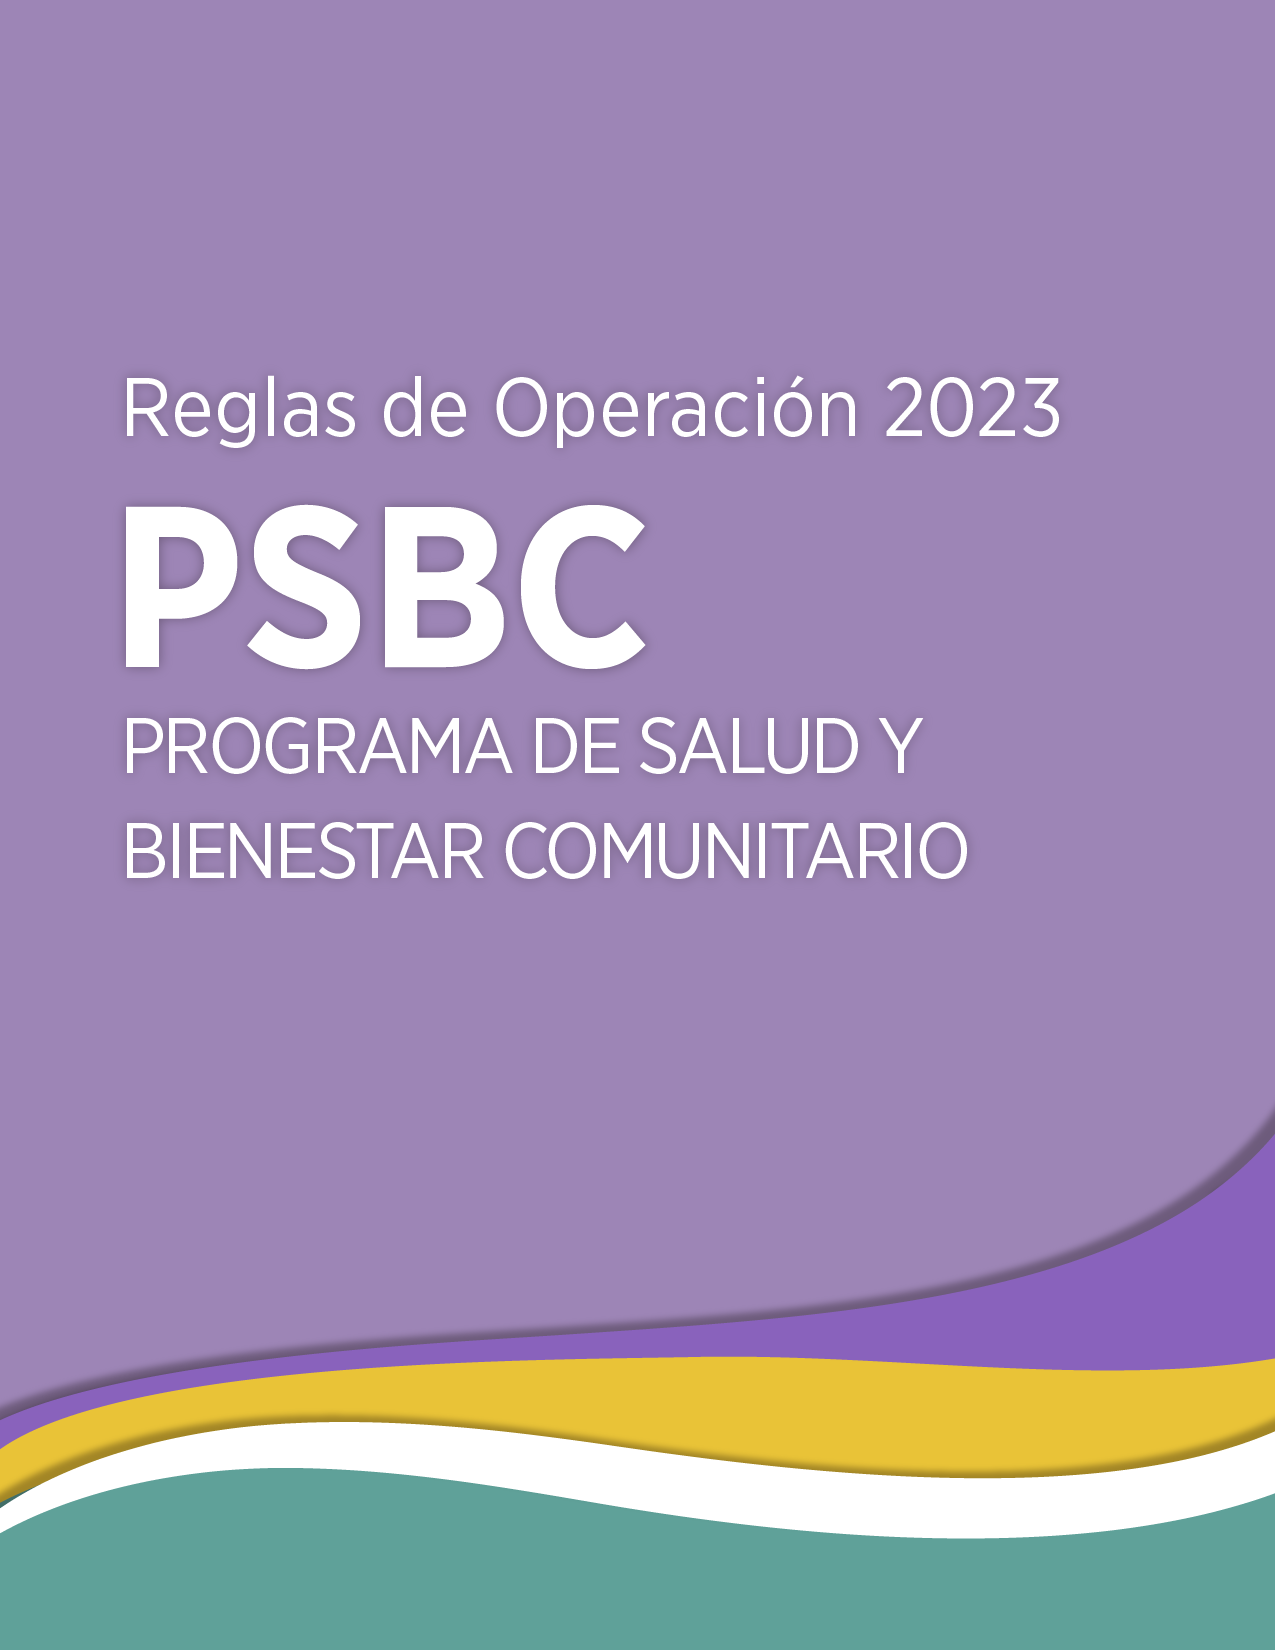 RO Programa de Salud y Bienestar Comunitario, PSBC 2023
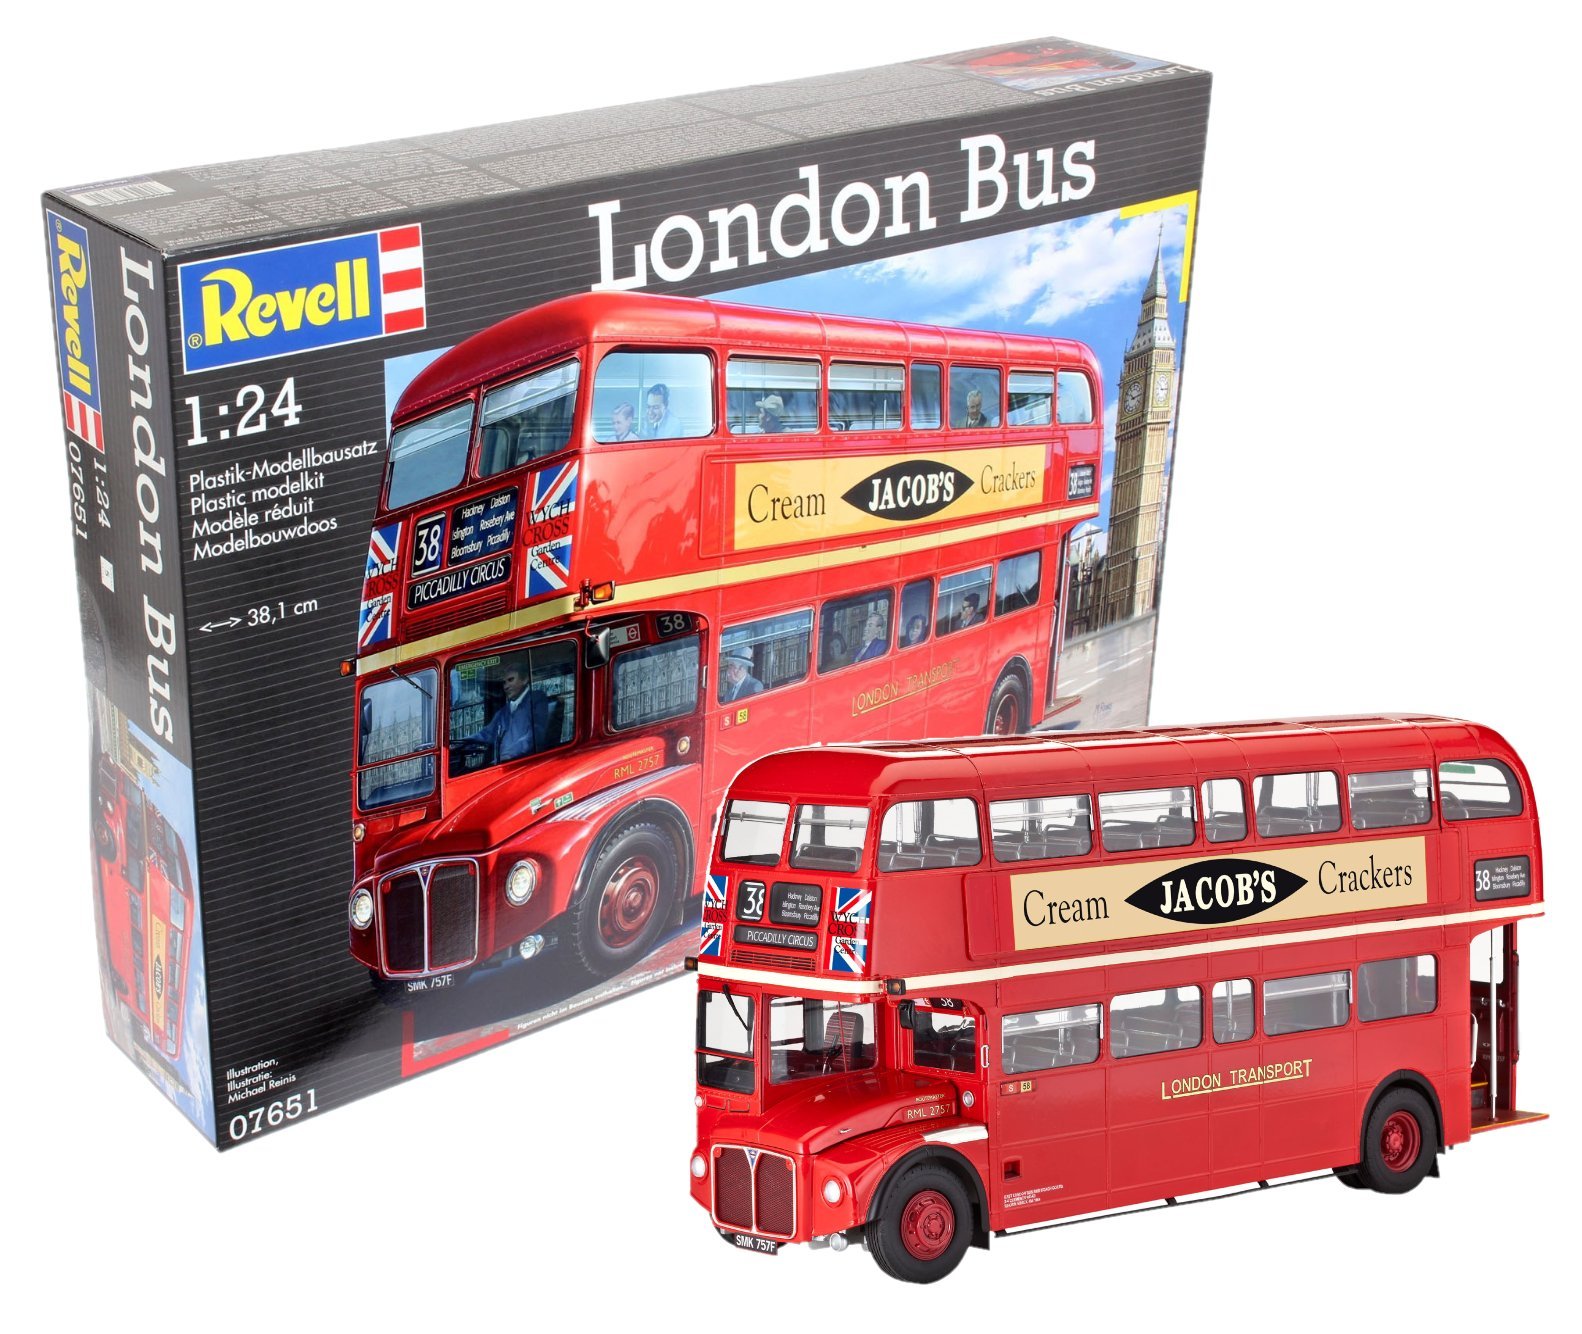 Revell RV07651 Modellbausatz Bus 1:24 - Doppeldecker London Bus im Maßstab 1:24, Level 5, originalgetreue Nachbildung mit vielen Details, 7651
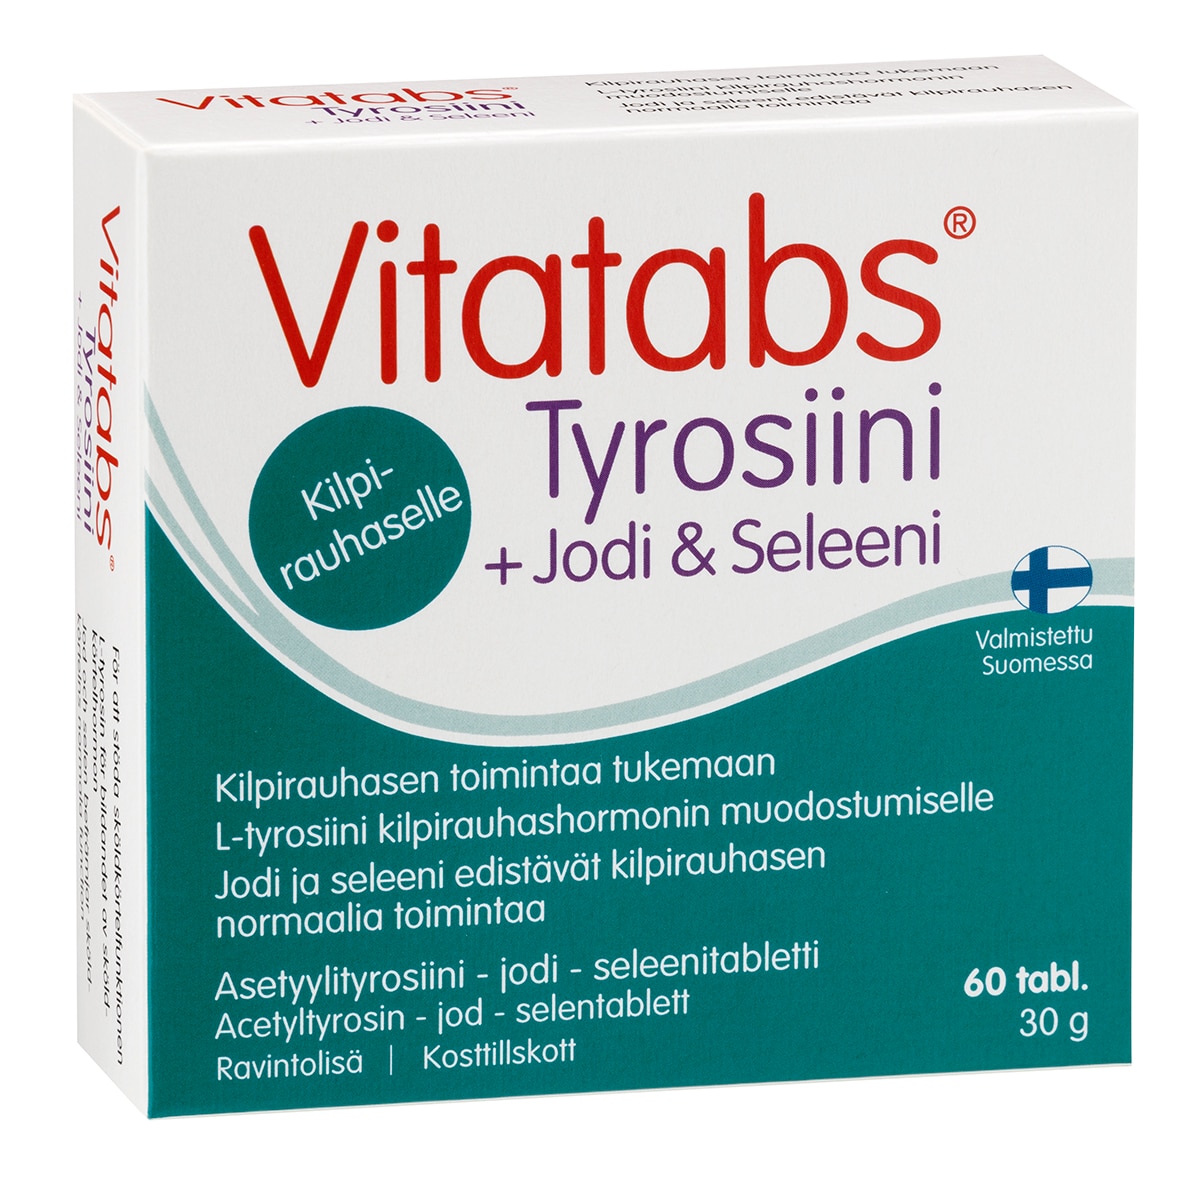 Vitatabs® Tyrosiini + Jodi & Seleeni

▶ **WHAT NEEDS TO BE DONE**:
The line containing "Revell RV07651 Modellbausatz" and every line after it, through the end of the material above, are to be printed exactly; no pictures belong in the output.

▶ **REPLY**:
 Revell RV07651 Modellbausatz Bus 1:24 - Doppeldecker London Bus im Maßstab 1:24, Level 5, originalgetreue Nachbildung mit vielen Details, 7651
 Vitatabs® Tyrosiini + Jodi & Seleeni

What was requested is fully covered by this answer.